Not sure if it's wireguard related but its the only part from upgrade-k8s output that looks weird.

Theres also the fact i'm running two control plane nodes so split brain issues could also be a contributing factor.

Is there any troubleshooting steps/guides i could take to try and recover this? The cluster is pretty much a home test lab but its been running for a year and its purpose was exactly to see how k8s/talos could break and see how we can recover from that.

Any insight would be highly appreciated, thank you!

node_boot_log.txt

smira commented 1 year ago

The IPs shouldn't matter that much, as it should be the INTERNAL IP from kubectl get nodes -o wide.

What happened most probably, and that's what upgrade-k8s tried to warn you about, is that you still have Pod Security Policy enabled.

See https://www.talos.dev/v1.2/talos-guides/upgrading-talos/#podsecuritypolicy-removal, you just need to flip the value, and kube-apiserver should start back.

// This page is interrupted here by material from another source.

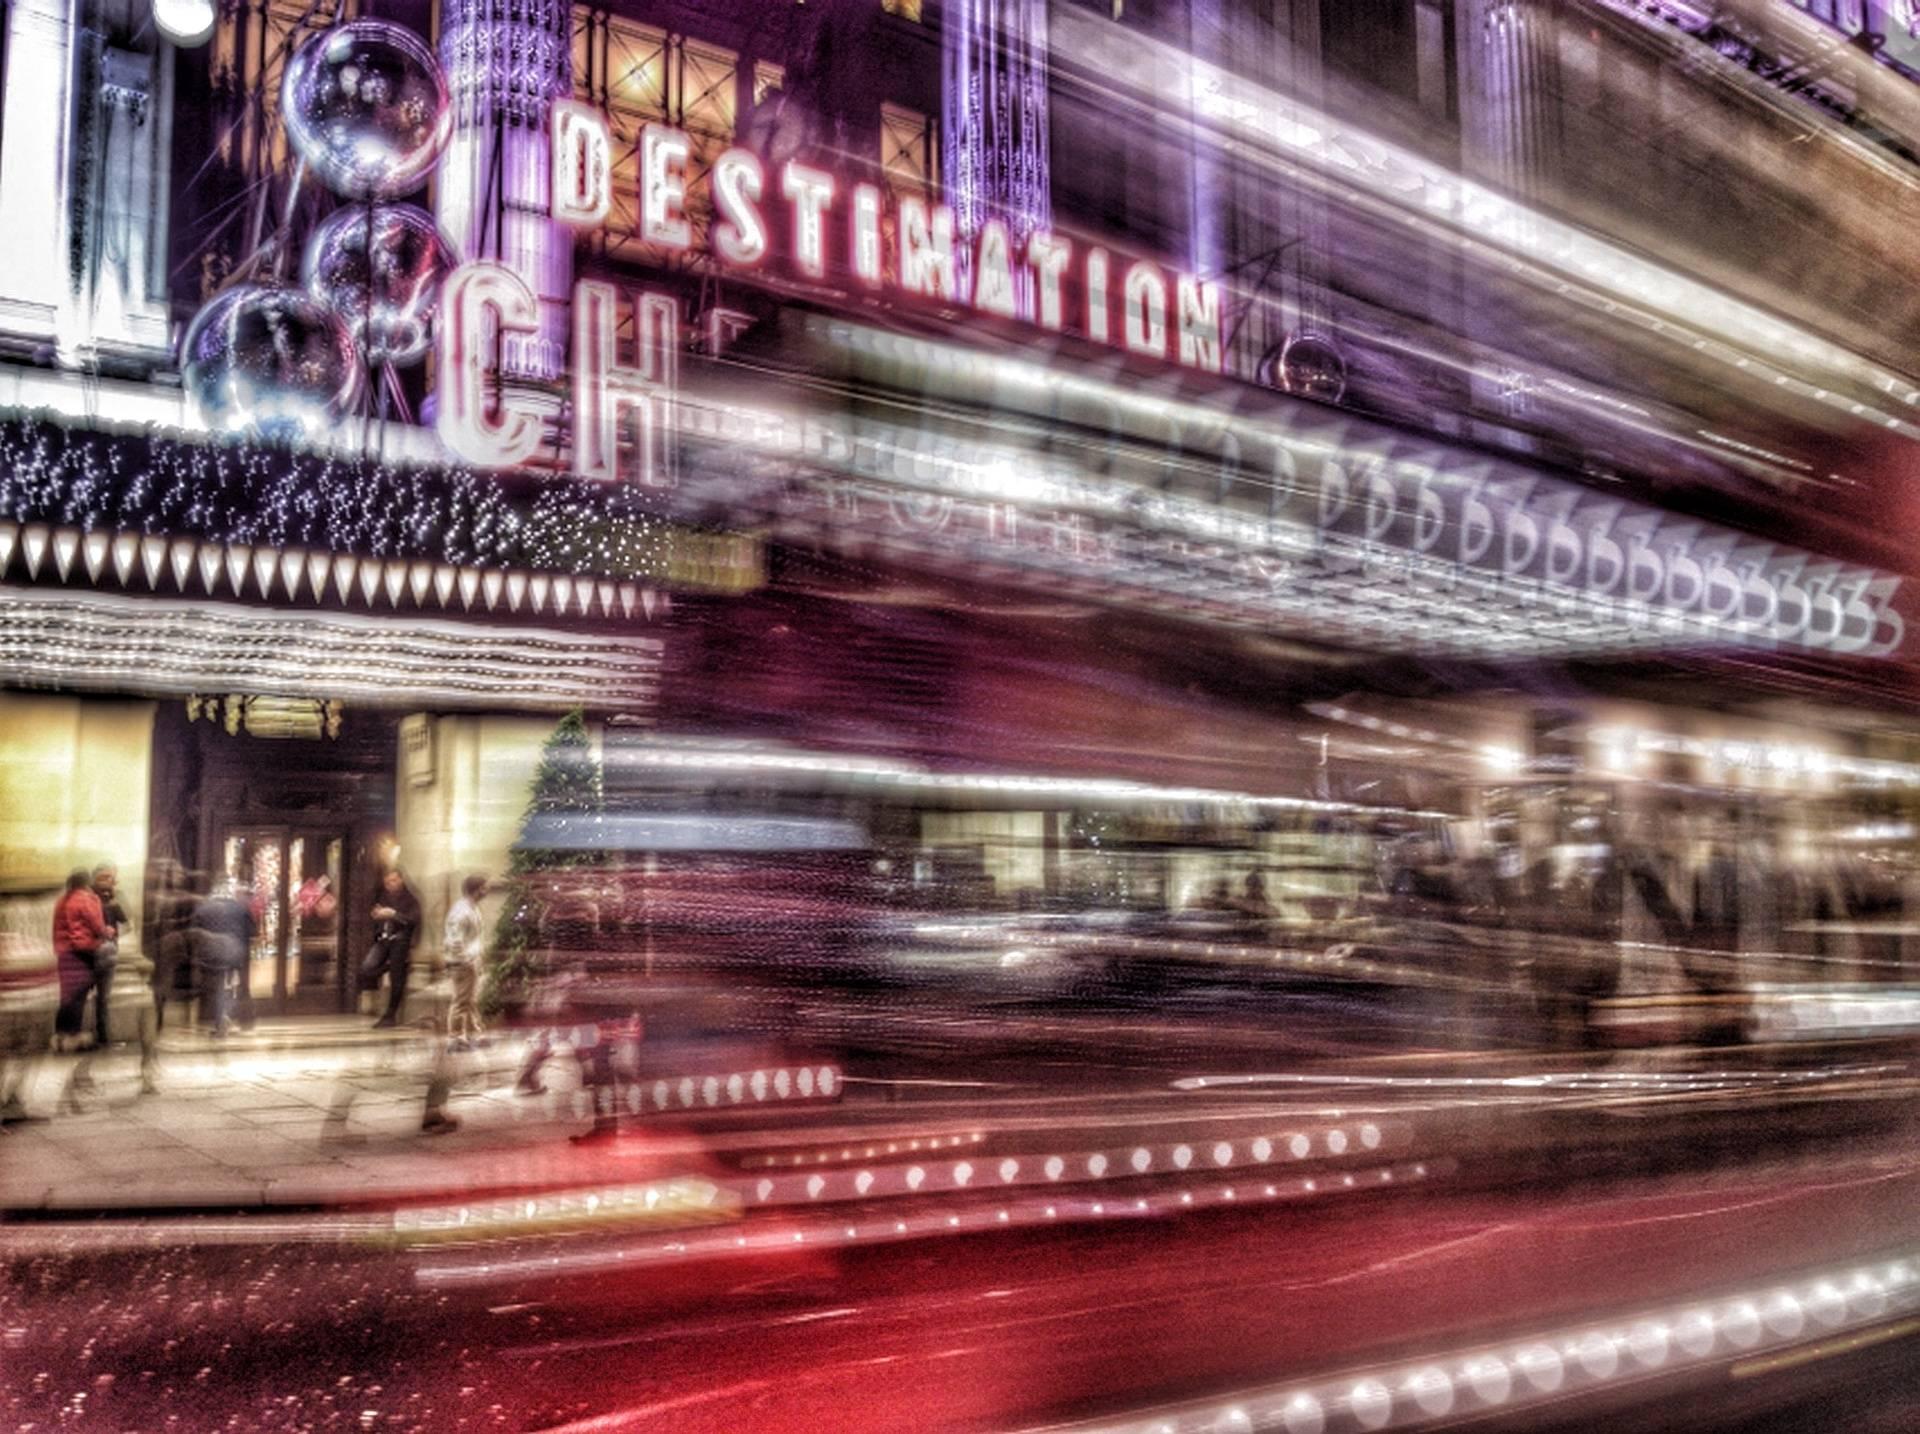 #DestinationChristmas - Selfridges London

junaru commented 1 year ago

you just need to flip the value, and kube-apiserver should start back.

It worked! You just made my day!

Assumed "This setting defaulted to true since Talos v1.0.0 release." meant the default value was applied even if the key was undefined so didn't even try toggling that.

Please feel free to delete this issue as it contains a wall of misinformation at this point.

Thank you again and have a great weekend!